On 1 May 1997, Wiggins communicated a counteroffer to Clarke
via telephone. In response, Clarke informed Wiggins of the terms
by which defendant was willing to convey the property. On 8 May
1997, Clarke advised Wiggins that defendant directed him to
withdraw all offers and that defendant intended to take
possession of the property immediately. On 12 May 1997, Clarke
again informed Wiggins that defendant was no longer interested
in selling his property to [plaintiff] and that [a]ll further
negotiations [were] in vain.
Plaintiff filed the present action against defendant,
asserting that despite defendant's contentions to the contrary,
he had indeed exercised his option to purchase the property and
that as a result, a contract for sale was created. Plaintiff sought specific performance of the resulting contract for sale.
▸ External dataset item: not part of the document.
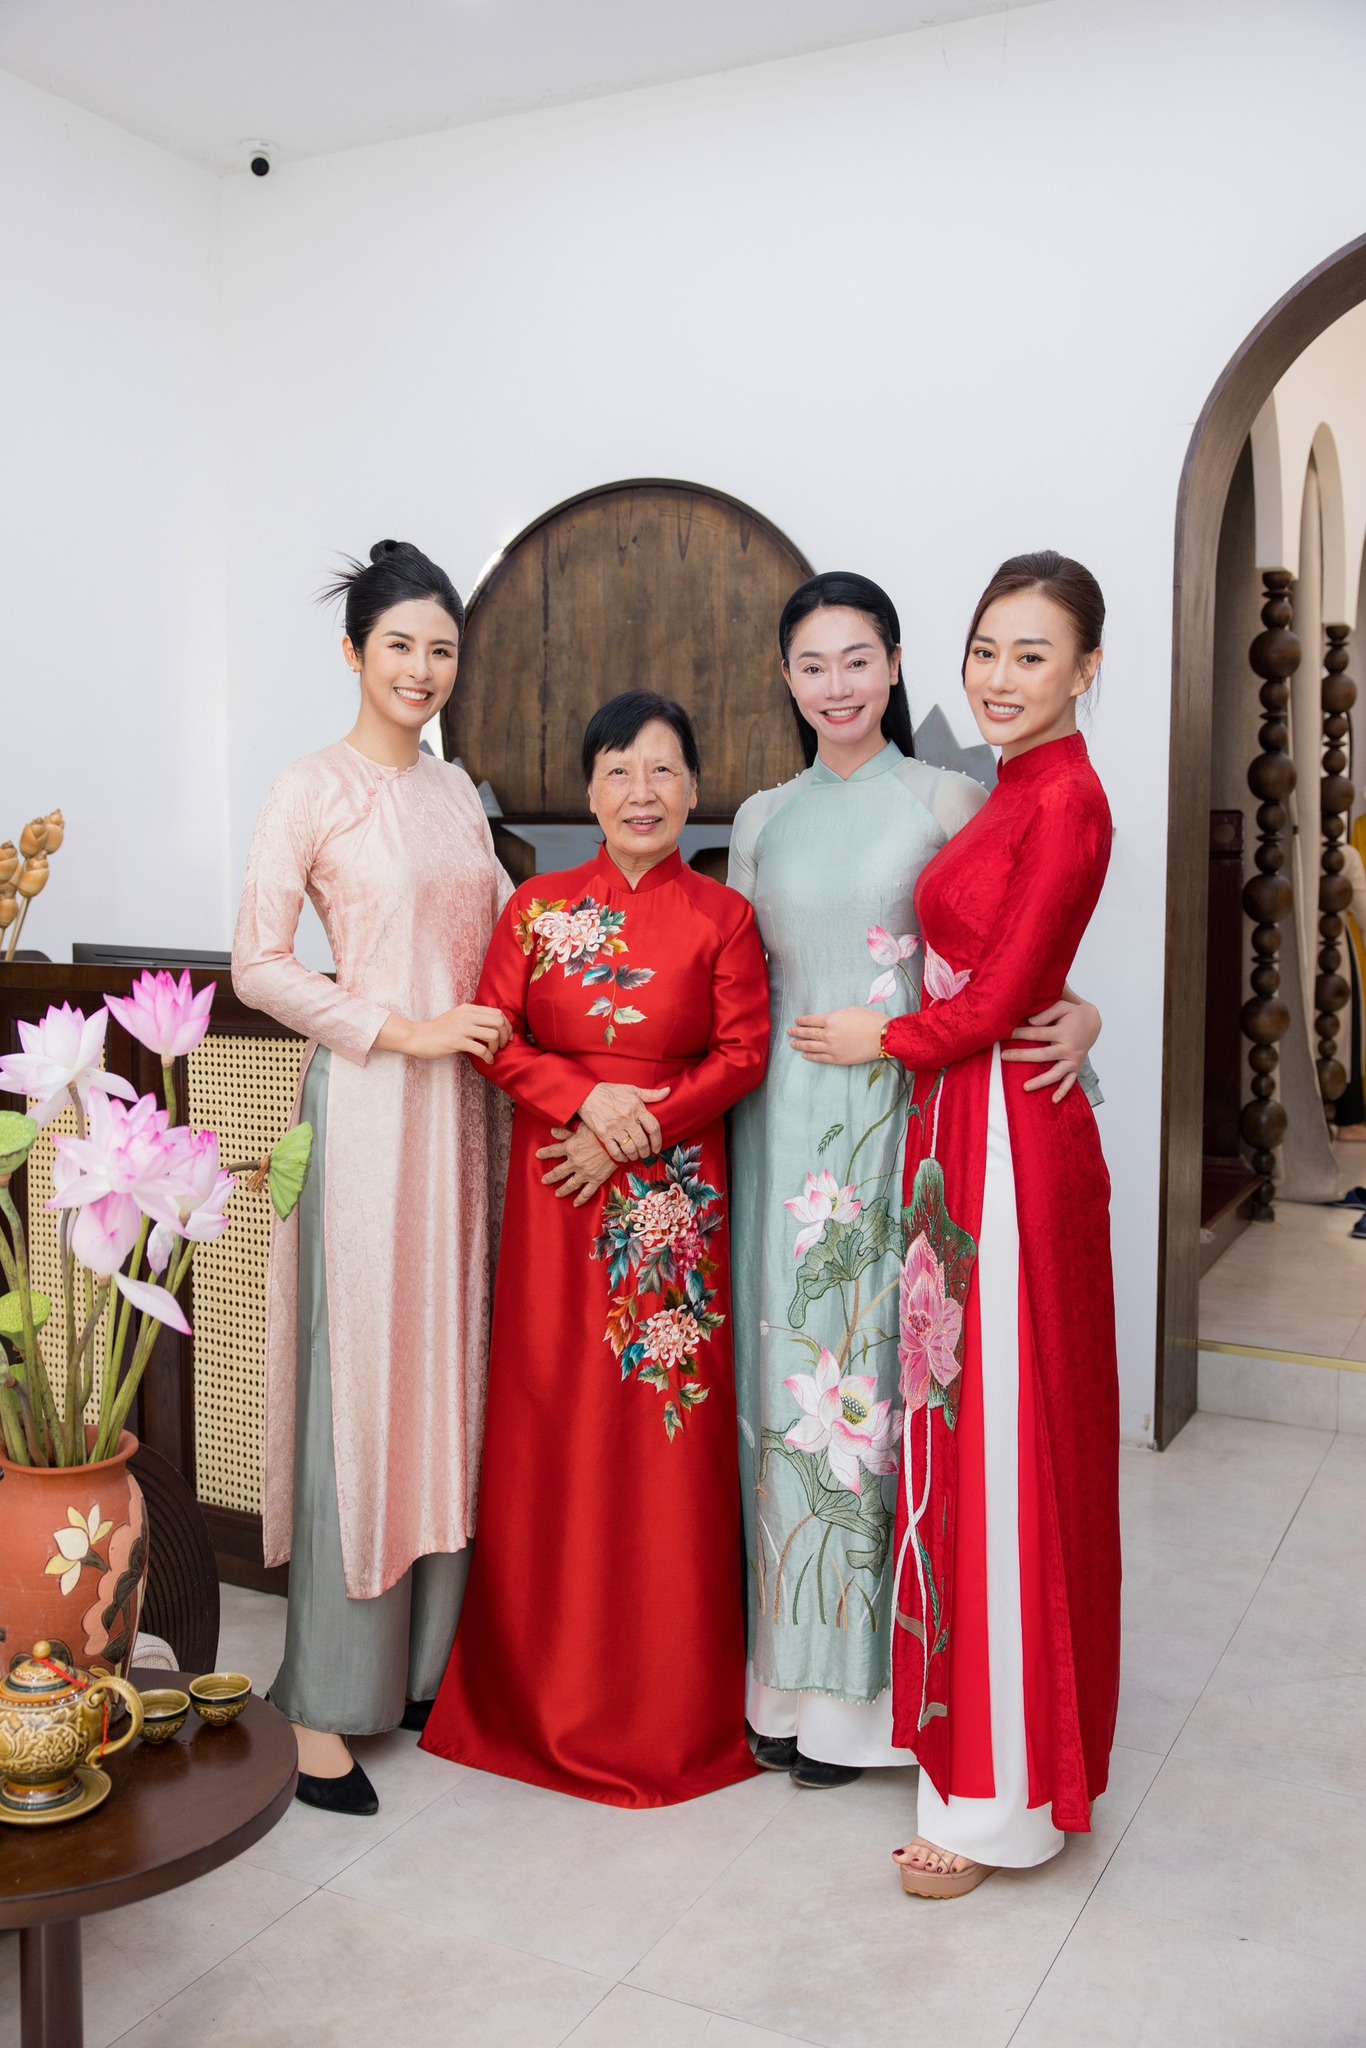 Không phải mẹ đẻ, diễn viên Phương Oanh đi thử áo dài cưới với mẹ Shark Bình và người phụ nữ này - ảnh 1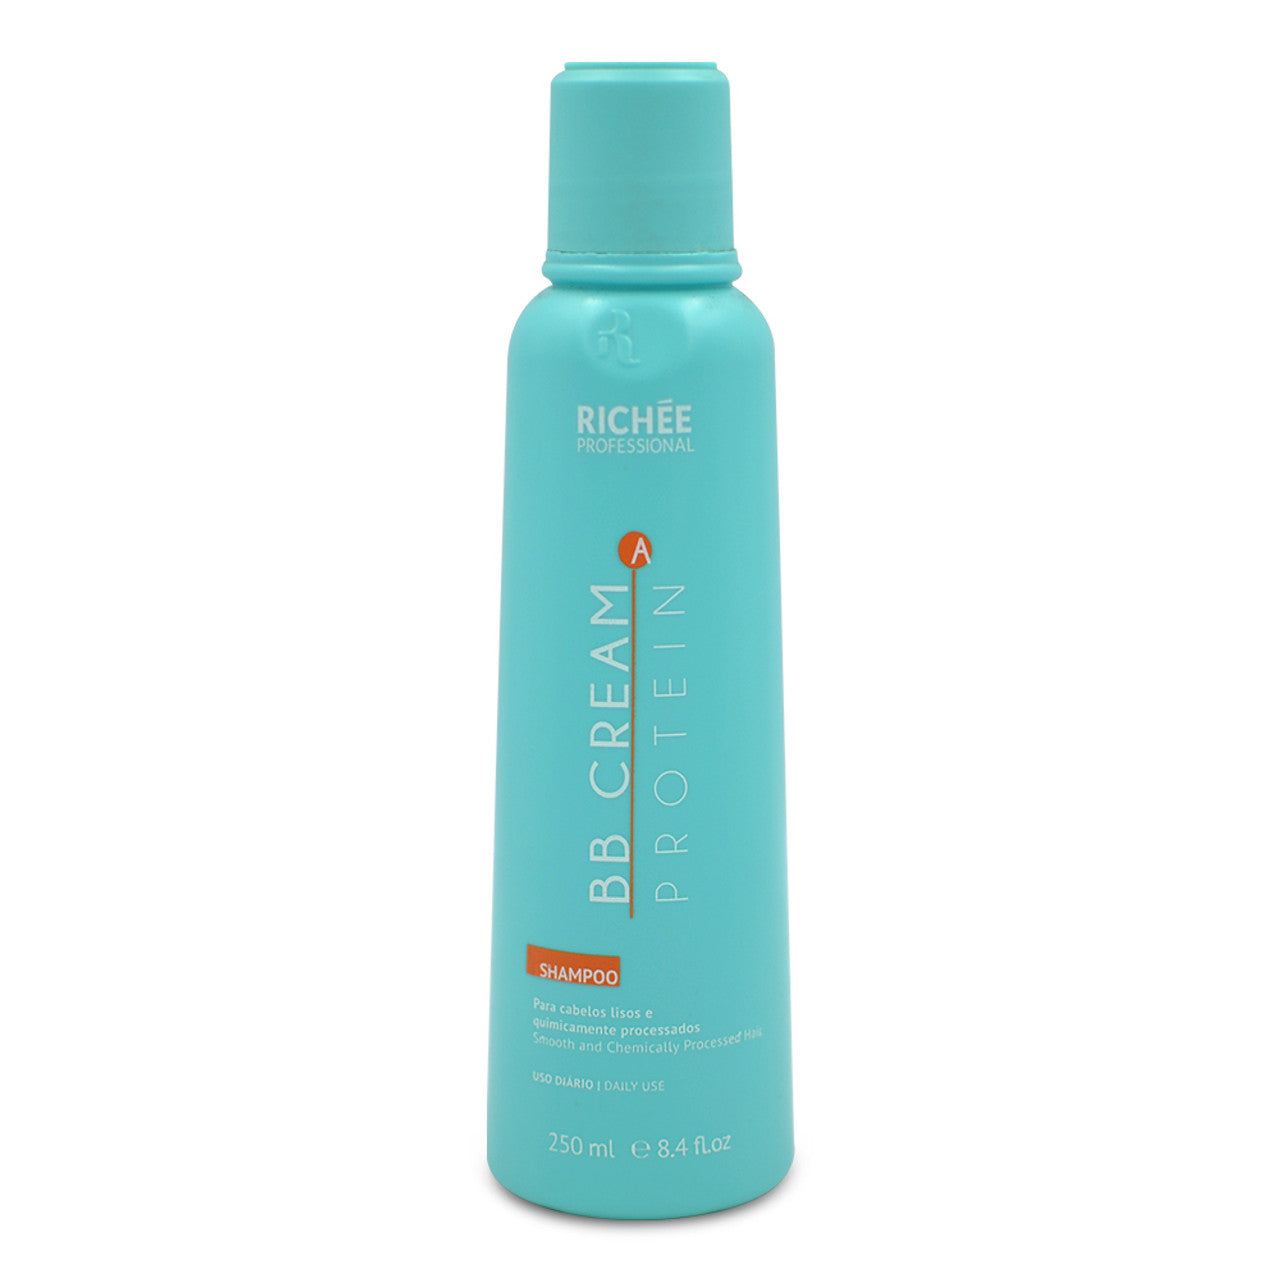 Richee, BB Cream A, Deep Cleansing Shampoo For Hair, 250ml

In the alternative, plaintiff requested damages for breach of
contract and reimbursement for the cost of repair and
improvements to the property, to prevent [d]efendant's unjust
enrichment.
Following a bench trial, the trial court denied relief on
all claims. Pertinent to the arguments presented on appeal, the
trial court made the following findings of fact:
6.
Defendant told Plaintiff that he
objected to paragraph No. 15; that he
was not going to give Plaintiff credit
toward the purchase price for the
principal reduction paid in his mortgage
. . . ; Defendant further told Plaintiff
he wanted the right to approve any
repairs, improvements and changes before
Plaintiff did the same.
. . . .
21.
. . . .
23.
. . . .
29.
. . . .
35.
. . . .
39.
Based upon its factual findings, the court concluded the
following:
(2) Under the terms of the Agreement of
April 5, 1994, Plaintiff's Option to
Purchase was to expire April 5, 1997,
the same having been extended for an
additional year by Plaintiff's payment
of $10,000 in 1996.
(3) The parties, by and through their
respective counsel, mutually agreed to
extend Plaintiff's option period until
April 15, 1997.
(4) Plaintiff's option to purchase expired
April 15, 1997.
(5) The balance due on the purchase price on
April 15, 1997 was . . . $190,045.58.
(6) In order to exercise his option to
purchase, it was necessary for Plaintiff
to tender or pay the balance of the
purchase price due Defendant before the
option expired.
(7) The Plaintiff failed to exercise his
option to purchase before the same
expired on April 15, 1997.
(8) Plaintiff is not entitled to an Order of
Specific Performance compelling
Defendant to convey the subject
property.
(9) Plaintiff failed to accept any new offer
of sale by the Defendant made after
April 15, 1997 before the new offer oroffers were withdrawn by Defendant.
. . . .
(11) The Agreement, in Paragraph [Ten] and
Eleven, required Plaintiff to obtain
Defendant's approval on all repairs,
improvements and changes in order for
Plaintiff to be reimbursed for the cost
thereof if the option was not
exercised;[] that the same is an express
contract regarding Plaintiff's
entitlement to reimbursement.
(12) Plaintiff has failed to carry his burden
of proof by representing [sic] evidence
from which the Court could find, by the
greater weight thereof, that any
repairs, improvements and changes were
authorized by Defendant.
(13) Plaintiff is not entitled to recover any
sums from Defendant upon his claim of
unjust enrichment, there being an
express contract between the parties
governing the matters for which
Plaintiff seeks relief.
Plaintiff appeals the trial court's judgment.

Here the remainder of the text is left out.